Given the importance of controlling black rat populations in island ecosystems, it is necessary to assess the phylogenetic background of Okinawan rats and the genetic nature of coat color variants to better understand the ecological significance of such variation. Until recently, mitochondrial cytochrome b (Cytb) gene sequences (e.g., Chinen et al., 2005; Robins et al., 2007; Pagès et al., 2010; Aplin et al., 2011) have been used for phylogenetic inference in the R. rattus species complex. Such analyses have revealed the presence of the two most well-known groups (Musser and Carleton, 2005), R. rattus (Lineage I) and R. tanezumi (Lineage II), in addition to four other groups (Lineages III–VI) in Southeast Asia (Pagès et al., 2010; Aplin et al., 2011). The Asian black rat (R. tanezumi) is distributed in Southeast and East Asia and likely evolved there (Yosida, 1980; Aplin et al., 2011), whereas R. rattus originates from the Indian subcontinent and has now spread to the rest of the world. R. tanezumi invaded the Japanese Islands during prehistoric times (Kowalski and Hasegawa, 1976; Kawamura, 1989). Likewise, R. rattus dispersed to Europe in prehistoric times and has spread from there through global exploration and trade (Yosida, 1980; Aplin et al., 2011). R. rattus has been introduced more recently to Japan and has hybridized with the native lineage of R. tanezumi. The introduction of genetic components of R. rattus has been inferred from cytogenetic and molecular analyses (Suzuki et al., 2001; Chinen et al., 2005; Kambe et al., 2011). Such introductions have occurred throughout Japan in a variety of environments, including ports (Otaru and Kagoshima), large towns (Tokyo), and insular regions (the Ogasawara Islands). The Mc1r sequences of six individuals from Okinawa have indicated that they are R. tanezumi (Kambe et al., 2011); however, intensive studies assessing the phylogenetic background of Okinawan rats has not yet been conducted.

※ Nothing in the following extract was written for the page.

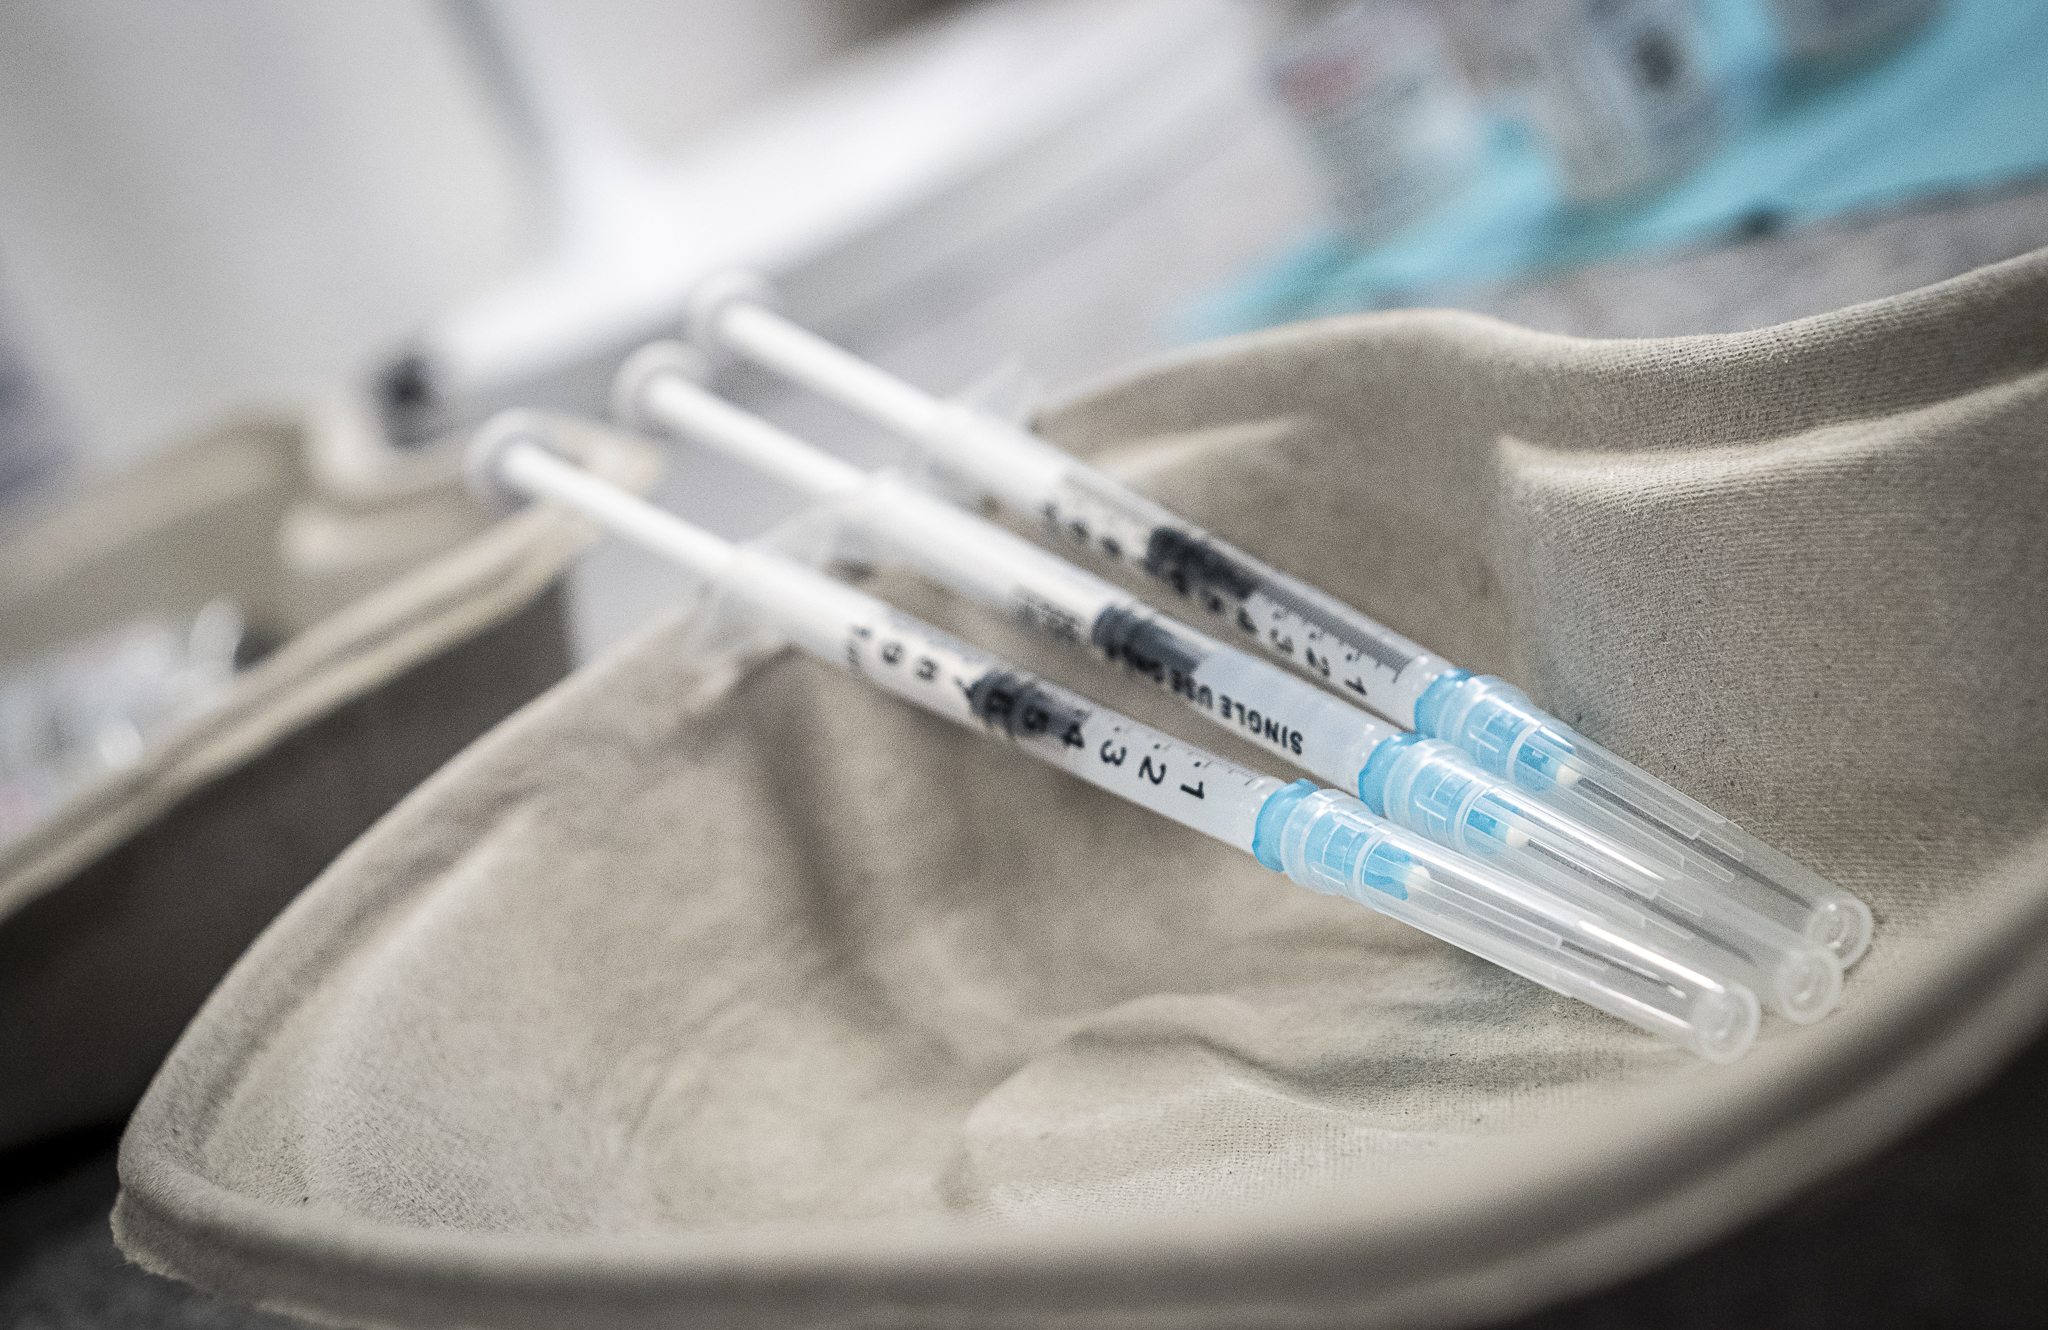 Le canton de Vaud va fermer trois centres de vaccination, dont celui d'Aigle

In the present study, we conducted a large-scale survey to determine the frequencies of the coat color variants of white spotting and melanism in Yambaru forests. Using nuclear and mitochondrial markers of the Mc1r (954 bp) and Cytb (1140 bp) gene sequences, we then examined the phylogenetic background of the Okinawan black rat population to potentially reveal imprints of the introduced lineage of the black rat, R. rattus. In addition, we addressed whether Mc1r is responsible for the coat color variants observed in the Yambaru forests, particularly the melanistic form. Such assessment of the mode of introduction of the exotic R. rattus lineage into natural forests will provide useful information for conservation efforts on Okinawa Island, where the issue of introduced species, including R. rattus, remains a serious problem.
The study area was located in near-climax forests on the northern part of Okinawa Island, locally called Yambaru. In the forests, evergreen oak (Castanopsis sieboldii) dominates the tree community (Ito, 1997), and endangered native species with ancient lineages, including mammals such as the Okinawan spiny rat (Tokudaia muenninki) and the Ryukyu long-haired rat (Diplothrix legata), can be found (Suzuki et al., 2000; Endo and Tsuchiya, 2006; Suzuki, 2009; Murata et al., 2011). The ecology of the Yambaru forest is threatened by intensive colonization by an introduced animal, the small Indian mongoose (Herpestes auropunctatus), which preys on various native mammals, ground-nesting birds, amphibians, and reptiles (Yamada, 2002; Yamada and Sugimura, 2004; Yamada et al., 2010).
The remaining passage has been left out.